Par ailleurs, l’attrition
de la base salariale réduit la capacité correctrice de la fiscalité et de la
protection sociale, les plaçant dans une impasse financière. Les emplois uber
ne contribuent pas à la sécurité sociale, ils la tuent ; ils ne
contribuent pas justement à la fiscalité et profitent pourtant des
infrastructures et de l’organisation même de la société. Ces formes de travail pseudo-indépendantes ou
collaboratives créent d’importantes fuites dans le circuit économique, et une
grande opacité dans le repérage de la création de valeur (Olivier Passet). La pérennité
de notre système d’assurances sociales, maladies, chômage etc. se trouvent
fortement menacée, et souligne, Philippe Askenazy, il ne faut pas s’étonner que
le lobby des assurances privées pousse très fortement au développement de ces
emplois faussement indépendants et défend un cadre législatif et fiscal qui
leur est mutuellement favorables.
Monique Dagnaud,
sociologue
et Membre du Conseil supérieur de l’audiovisuel de 1991 à 1999, spécialiste de
la teuf, a mené une enquête d’où
ressortait l’immense bonheur de ces jeunes souvent très diplômés de créer leur propre
emploi non salariés, patron de leur propres start-ups (éventuellement plusieurs)
et multi-consultants dans diverses structures.

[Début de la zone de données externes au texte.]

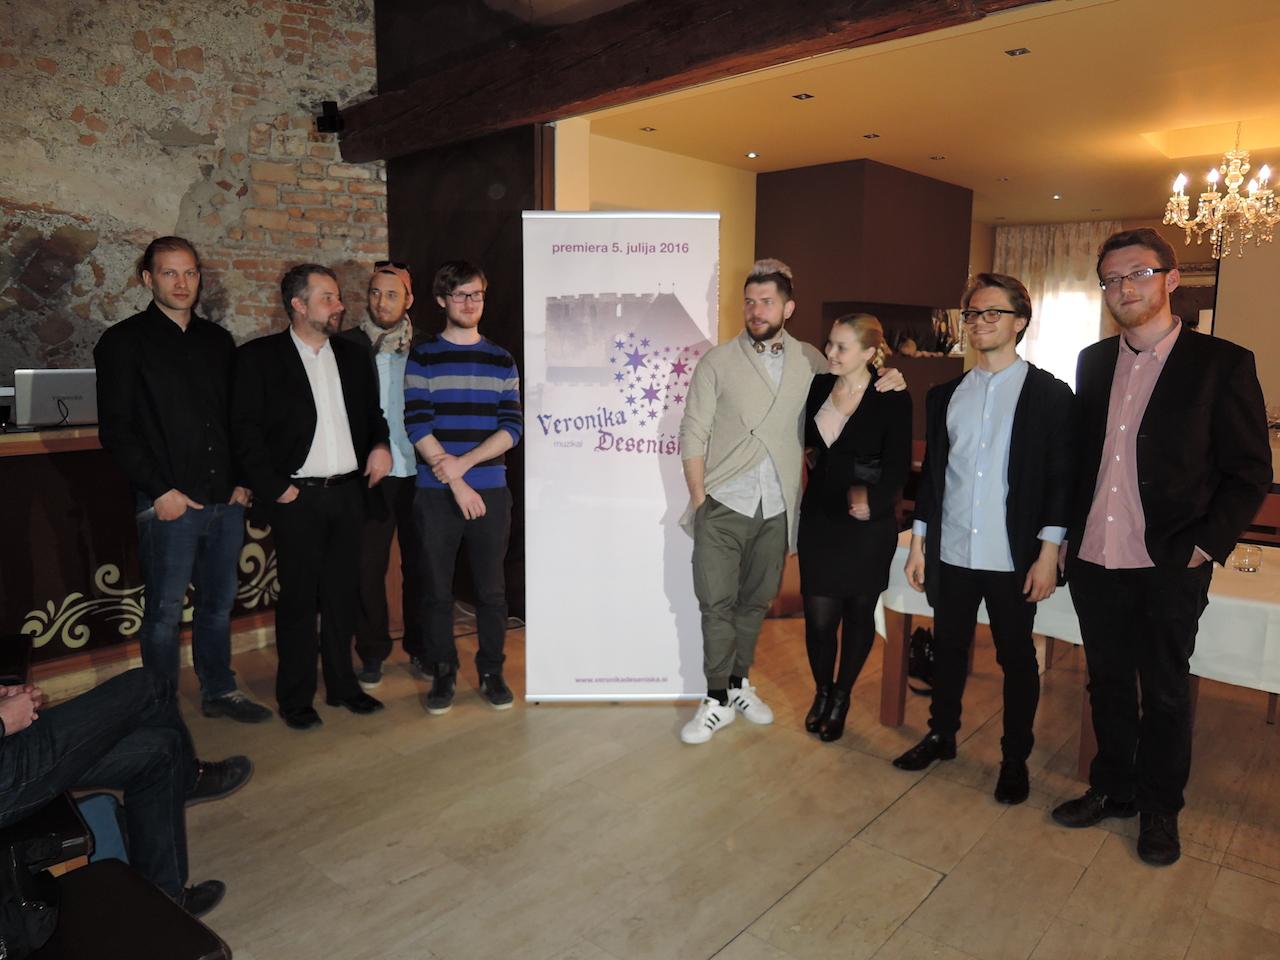 Ekipa na tiskovni konferenci

C’est à se demander si elle n’a pas
abusé de certaines substances trop répandues dans les teufs et si elle n’a pas confondu
discours d’autojustification ou de réassurance avec la réalité ; car enfin il me semble que pour beaucoup il s’agit
d’un pis aller et qu’ils auraient préféré un recrutement dans les services de
recherche d’une grande entreprise, qui leur aurait permis de s’épanouir dans
leur activité au lieu de rechercher éperdument des financements, et qui aurait
également mieux profité au développement d’une société de la connaissance, dont
on parle beaucoup, et qui s’éloigne de plus en plus.
Qu’est-ce
qu’une entreprise ?
Il est aussi assez
étrange qu’une sociologue ne se pose pas davantage la question de la caractérisation
d’une entreprise. Remontant au fondateur de la discipline, Auguste Comte, on
pourrait s’étonner de ces sociologues qui « exagèrent beaucoup l’importance
de l’individu et traitent avec moquerie les êtres collectifs comme représentant
rien de réel ». D’un point de vue positiviste, on pourrait caractériser
une entreprise comme un être collectif dont le but est de réaliser la meilleure,
la plus efficace conciliation possible entre deux tendances toujours
croissantes et complémentaires du travail, la spécialisation des fonctions et
la coordination des efforts ; de favoriser une coopération étendue des
individus. Alors se pose la question : le travail pseudo-indépendant à la
uber peut-il accomplir ces fonctions mieux que l’entreprise et le salariat ?
Je ne crois pas.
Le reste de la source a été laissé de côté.